| Work instructions |
Print out the records below with nothing altered.

| Data provided |

══════════

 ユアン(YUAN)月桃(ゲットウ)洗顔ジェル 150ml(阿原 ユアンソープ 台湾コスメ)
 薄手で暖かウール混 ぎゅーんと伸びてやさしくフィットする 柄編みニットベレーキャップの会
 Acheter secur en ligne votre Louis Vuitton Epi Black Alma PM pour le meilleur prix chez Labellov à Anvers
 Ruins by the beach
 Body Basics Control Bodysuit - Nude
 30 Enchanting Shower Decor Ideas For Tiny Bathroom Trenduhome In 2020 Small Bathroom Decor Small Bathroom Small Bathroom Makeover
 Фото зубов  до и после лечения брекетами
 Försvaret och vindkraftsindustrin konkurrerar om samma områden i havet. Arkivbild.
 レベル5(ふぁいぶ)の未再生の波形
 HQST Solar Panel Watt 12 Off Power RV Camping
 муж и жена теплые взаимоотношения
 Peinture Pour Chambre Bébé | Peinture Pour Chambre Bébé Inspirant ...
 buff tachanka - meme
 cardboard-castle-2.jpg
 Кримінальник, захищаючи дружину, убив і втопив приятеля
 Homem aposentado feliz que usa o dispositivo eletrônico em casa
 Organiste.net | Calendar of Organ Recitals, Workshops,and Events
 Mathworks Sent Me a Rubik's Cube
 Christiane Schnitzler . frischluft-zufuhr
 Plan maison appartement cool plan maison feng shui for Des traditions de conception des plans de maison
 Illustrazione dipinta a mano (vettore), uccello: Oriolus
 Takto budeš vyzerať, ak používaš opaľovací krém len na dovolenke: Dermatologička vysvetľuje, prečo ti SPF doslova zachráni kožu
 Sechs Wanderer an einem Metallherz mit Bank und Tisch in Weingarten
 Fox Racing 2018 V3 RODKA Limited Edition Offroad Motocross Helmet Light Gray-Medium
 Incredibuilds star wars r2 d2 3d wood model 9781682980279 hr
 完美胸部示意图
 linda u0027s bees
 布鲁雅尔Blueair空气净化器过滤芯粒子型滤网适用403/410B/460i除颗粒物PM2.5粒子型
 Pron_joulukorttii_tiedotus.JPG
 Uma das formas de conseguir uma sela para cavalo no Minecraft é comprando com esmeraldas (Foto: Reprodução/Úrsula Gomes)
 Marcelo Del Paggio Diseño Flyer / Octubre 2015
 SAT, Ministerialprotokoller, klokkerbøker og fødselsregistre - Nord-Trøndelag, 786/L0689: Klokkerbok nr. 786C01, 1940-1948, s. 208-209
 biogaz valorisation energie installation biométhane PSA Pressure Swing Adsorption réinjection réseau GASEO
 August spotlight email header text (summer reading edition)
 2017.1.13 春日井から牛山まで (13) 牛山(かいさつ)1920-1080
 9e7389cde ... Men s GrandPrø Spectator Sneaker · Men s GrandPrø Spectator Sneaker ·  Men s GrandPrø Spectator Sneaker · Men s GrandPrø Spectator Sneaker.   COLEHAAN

══════════

| Result below |
 ユアン(YUAN)月桃(ゲットウ)洗顔ジェル 150ml(阿原 ユアンソープ 台湾コスメ)
 薄手で暖かウール混 ぎゅーんと伸びてやさしくフィットする 柄編みニットベレーキャップの会
 Acheter secur en ligne votre Louis Vuitton Epi Black Alma PM pour le meilleur prix chez Labellov à Anvers
 Ruins by the beach
 Body Basics Control Bodysuit - Nude
 30 Enchanting Shower Decor Ideas For Tiny Bathroom Trenduhome In 2020 Small Bathroom Decor Small Bathroom Small Bathroom Makeover
 Фото зубов  до и после лечения брекетами
 Försvaret och vindkraftsindustrin konkurrerar om samma områden i havet. Arkivbild.
 レベル5(ふぁいぶ)の未再生の波形
 HQST Solar Panel Watt 12 Off Power RV Camping
 муж и жена теплые взаимоотношения
 Peinture Pour Chambre Bébé | Peinture Pour Chambre Bébé Inspirant ...
 buff tachanka - meme
 cardboard-castle-2.jpg
 Кримінальник, захищаючи дружину, убив і втопив приятеля
 Homem aposentado feliz que usa o dispositivo eletrônico em casa
 Organiste.net | Calendar of Organ Recitals, Workshops,and Events
 Mathworks Sent Me a Rubik's Cube
 Christiane Schnitzler . frischluft-zufuhr
 Plan maison appartement cool plan maison feng shui for Des traditions de conception des plans de maison
 Illustrazione dipinta a mano (vettore), uccello: Oriolus
 Takto budeš vyzerať, ak používaš opaľovací krém len na dovolenke: Dermatologička vysvetľuje, prečo ti SPF doslova zachráni kožu
 Sechs Wanderer an einem Metallherz mit Bank und Tisch in Weingarten
 Fox Racing 2018 V3 RODKA Limited Edition Offroad Motocross Helmet Light Gray-Medium
 Incredibuilds star wars r2 d2 3d wood model 9781682980279 hr
 完美胸部示意图
 linda u0027s bees
 布鲁雅尔Blueair空气净化器过滤芯粒子型滤网适用403/410B/460i除颗粒物PM2.5粒子型
 Pron_joulukorttii_tiedotus.JPG
 Uma das formas de conseguir uma sela para cavalo no Minecraft é comprando com esmeraldas (Foto: Reprodução/Úrsula Gomes)
 Marcelo Del Paggio Diseño Flyer / Octubre 2015
 SAT, Ministerialprotokoller, klokkerbøker og fødselsregistre - Nord-Trøndelag, 786/L0689: Klokkerbok nr. 786C01, 1940-1948, s. 208-209
 biogaz valorisation energie installation biométhane PSA Pressure Swing Adsorption réinjection réseau GASEO
 August spotlight email header text (summer reading edition)
 2017.1.13 春日井から牛山まで (13) 牛山(かいさつ)1920-1080
 9e7389cde ... Men s GrandPrø Spectator Sneaker · Men s GrandPrø Spectator Sneaker ·  Men s GrandPrø Spectator Sneaker · Men s GrandPrø Spectator Sneaker.   COLEHAAN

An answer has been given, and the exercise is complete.